Your Credit Score Could Rise Due To These Major Reporting Changes
Many Americans could potentially qualify for lower interest rates on auto financing, student loans and mortgage rates as the main three credit reporting bureaus make changes to how they do business. The move is being called the most sweeping industry transformation in more than ten years.
According to the Wall Street Journal, Equifax, Experian and TransUnion announced an agreement in May that will make it easier for consumers to take action if they find information in their credit report they believe to be an error – a task previously thought by many to be insurmountable. The agencies will also alter the processing of medical debt, adding a grace period before they will include medical bills in consumer reports.
The overhaul is a result of negotiations between the three credit reporting agencies and Eric Schneiderman, New York Attorney General. After watchdog and consumer complaints, Schneiderman began investigating the bureaus more than a year ago.
Having an error on your credit report could make it harder to get financing for a house or car, or possibly even secure a job, even though you did nothing wrong. Currently, if you have a dispute with a piece of information in your report, the credit rating bureau would contact the debt collector to confirm whether or not it was correct. That’s about as far as the investigating goes. Under the new regulations, a new system of accountability will be set in place to dive deeper into disputes.
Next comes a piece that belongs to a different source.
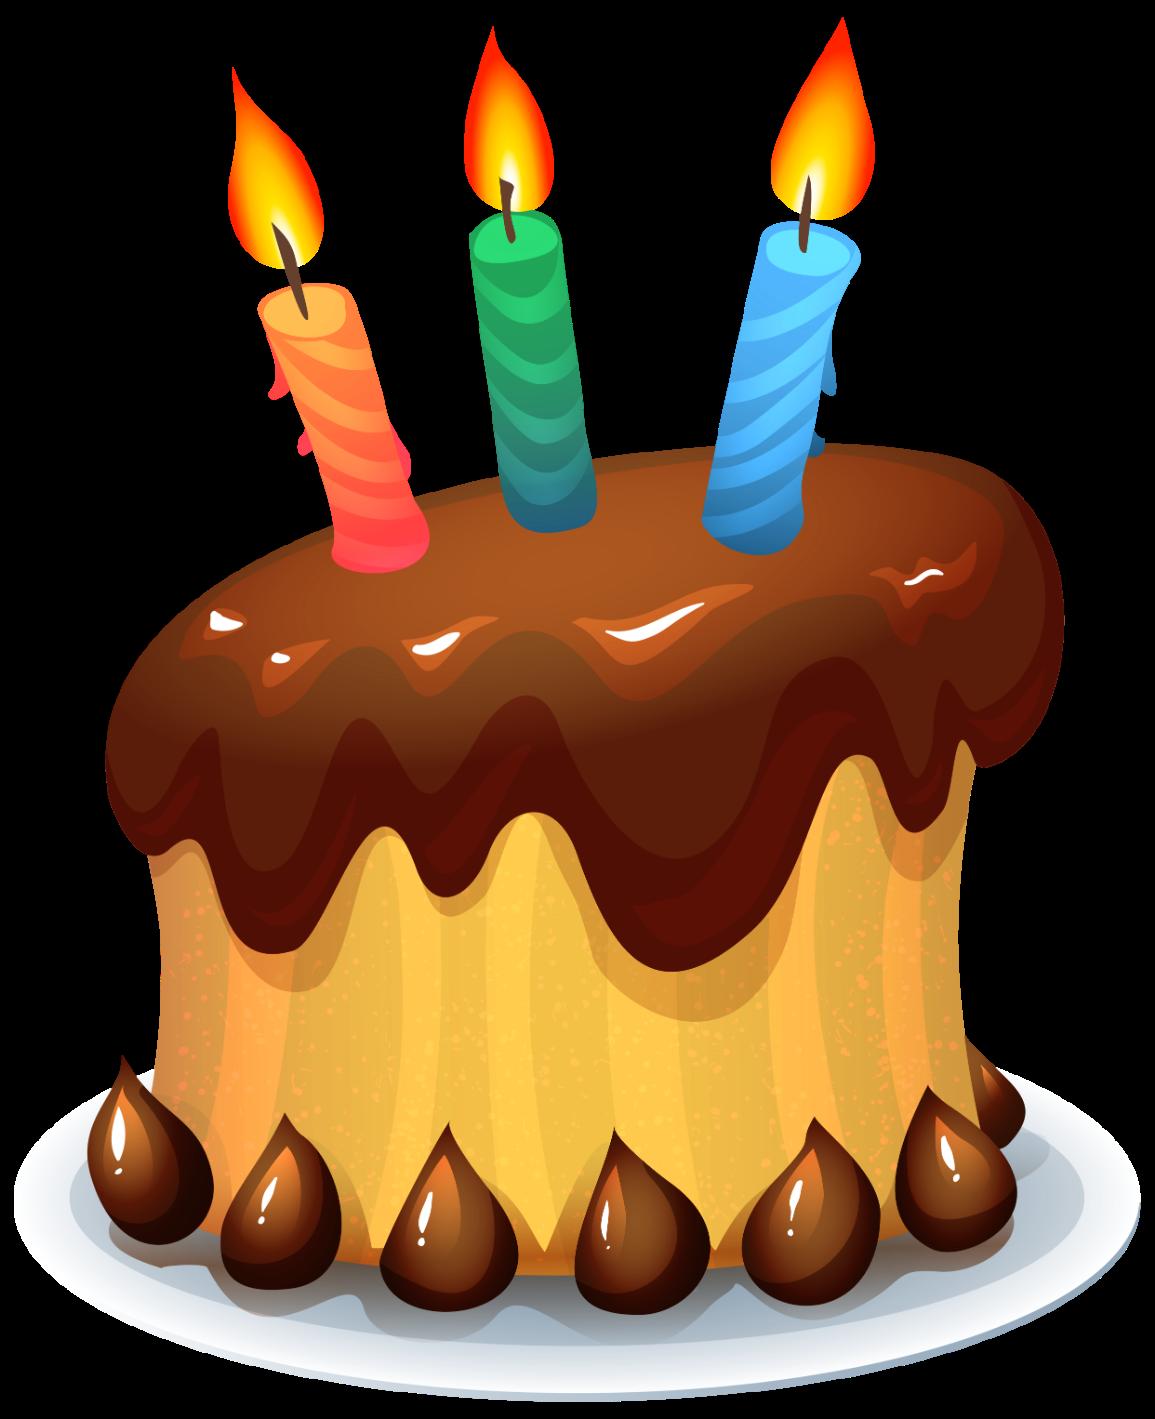 Caricatura de un pastel chueco con cobertura de chocolate y tres velitas en color rosado, verde y azul.

Now, when a consumer submits a dispute — including fraud and identity theft — trained employees will review all submitted information and contact the debt collector. Individuals who dispute items in their reports will now get more information and further instructions on what to do if they don’t agree with what they find out. The credit bureaus are required to resolve the dispute even if the creditor says the information is accurate, and they must provide a new credit report to the consumer to show the issue has been addressed and corrected.
Many consumers are affected by credit-report errors. According to a 2013 Federal Trade Commission study, one in five consumers have an error in at least one of their three major credit reports. Equifax, Experian and TransUnion received eight million requests disputing information on credit reports in 2011, according to the Consumer Financial Protection Bureau. These errors can be from identity theft and fraud, such as when a thief opens a credit-card account in someone else’s name or simply from mistakes when creditors accidentally send wrong information.
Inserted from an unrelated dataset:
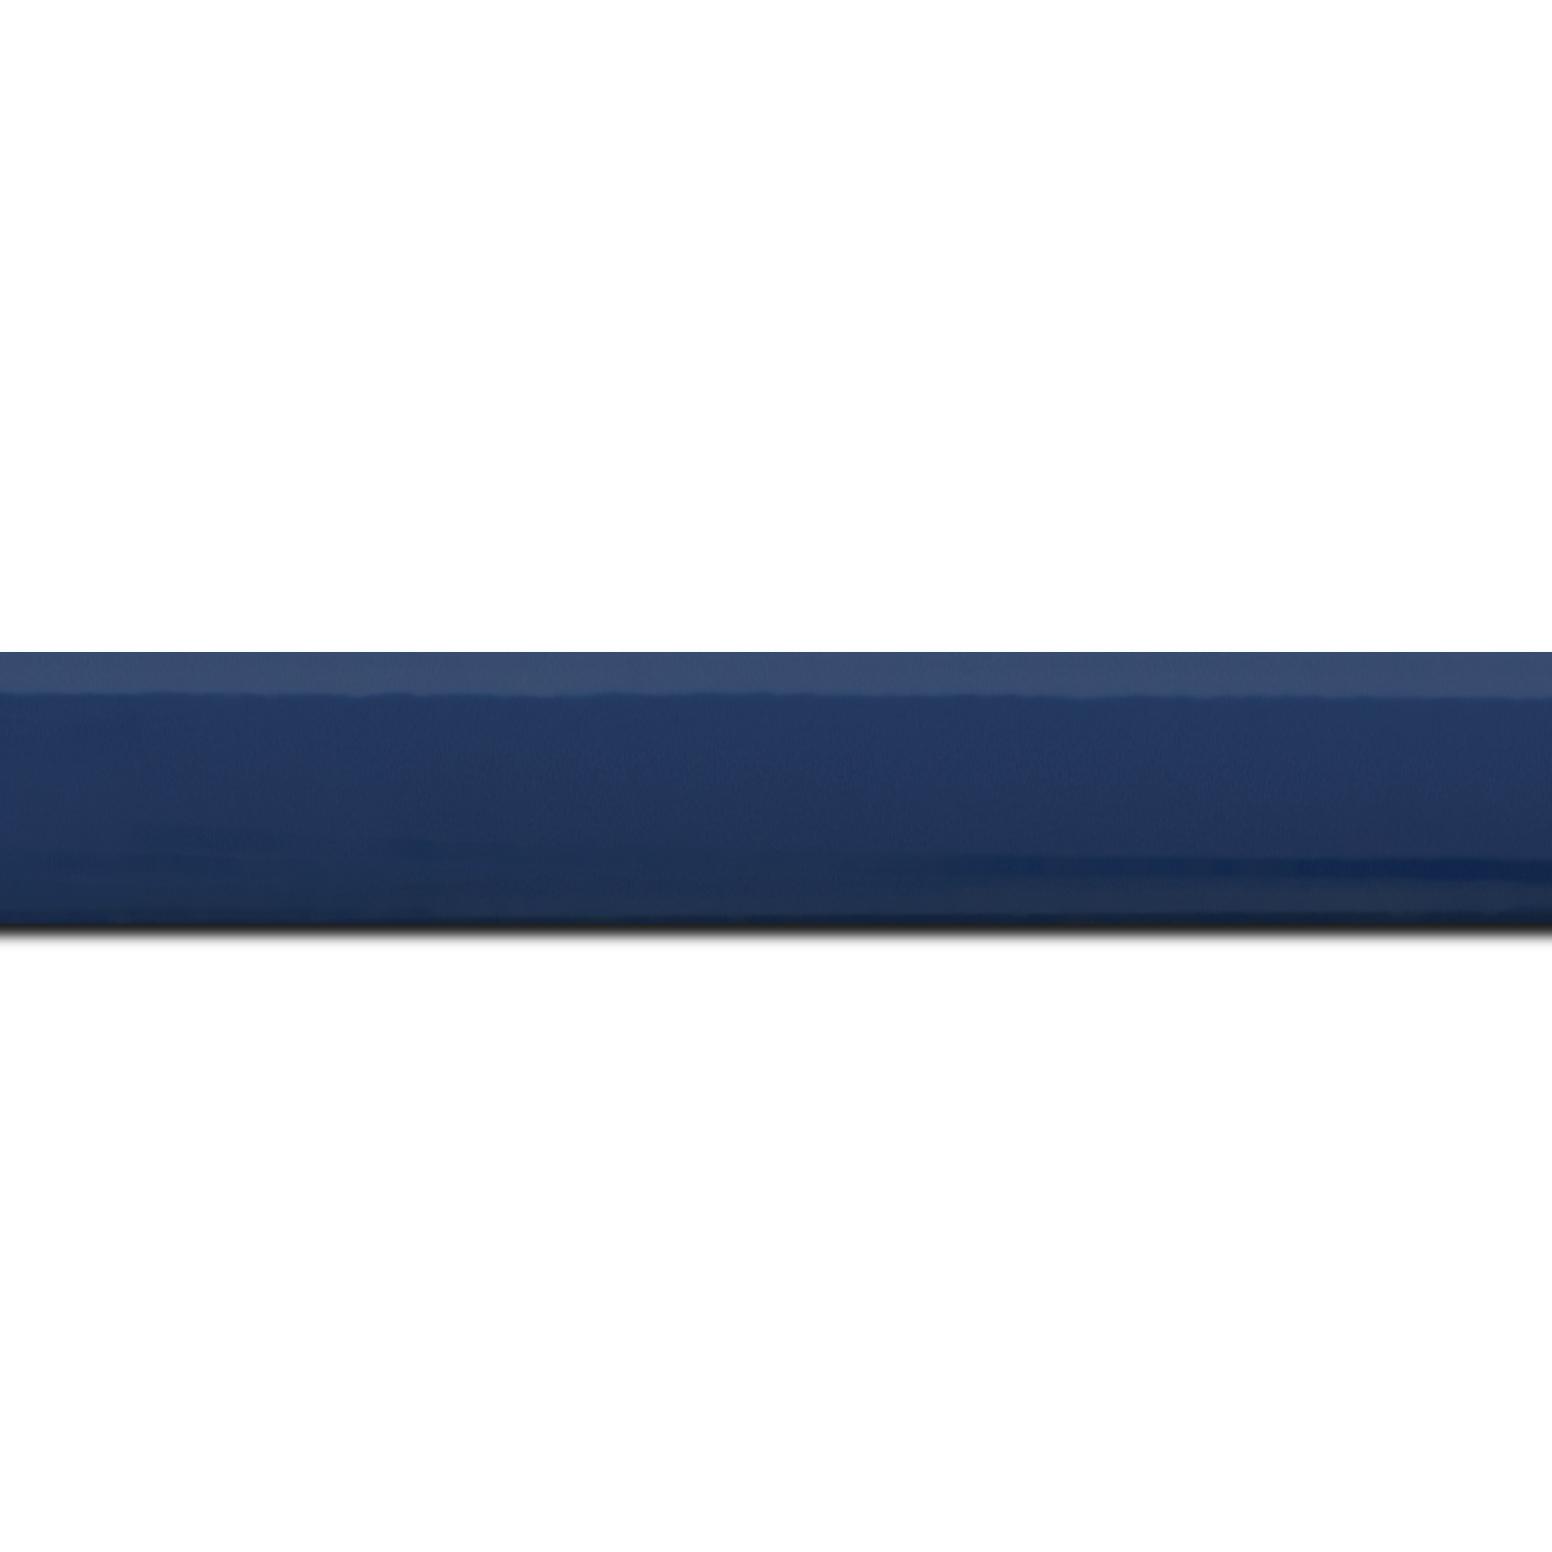 Cadre bleu ou bleu turquoise 30x30 pas cher cadre photo - Cadre 30x30 pas cher ...

Giving Americans some breathing room when it comes to medical bills – a growing form of debt — may be an even bigger relief. The three main agencies will give consumers 180 days before they add any debt from medical bills to their credit reports. That time is meant to allow consumers not only time to catch up on their unpaid bills, but to settle any concerns with their insurance company.
Also new, medical bill accounts will be taken off a consumer’s credit report when they are paid by an insurance company — regardless of when they are paid. Previously, negative marks on your credit report could potentially stay there for as many as seven years.
According to the CFPB, past-due medical debt is an issue on the credit reports of 43 million Americans, and medical bills make up about 53 percent of unpaid debt in collection. Credit reporting firms get this information from collection agencies after they receive unpaid accounts from doctors and hospitals. Sometimes this is a result of the insurance company delaying payments, not the fault of the consumer.
In a recent study, the CFPB determined that individuals with medical bills on their credit report were in good standing when it came to paying their other bills in a timely manner. This led the agency to believe that unpaid medical debts don’t mean necessarily make someone a high risk. Fair Isaac Corp., more commonly known as FICO, then changed the way it views late payments that were eventually made, and no longer weighs medical debt as heavily in its formulas for credit scoring.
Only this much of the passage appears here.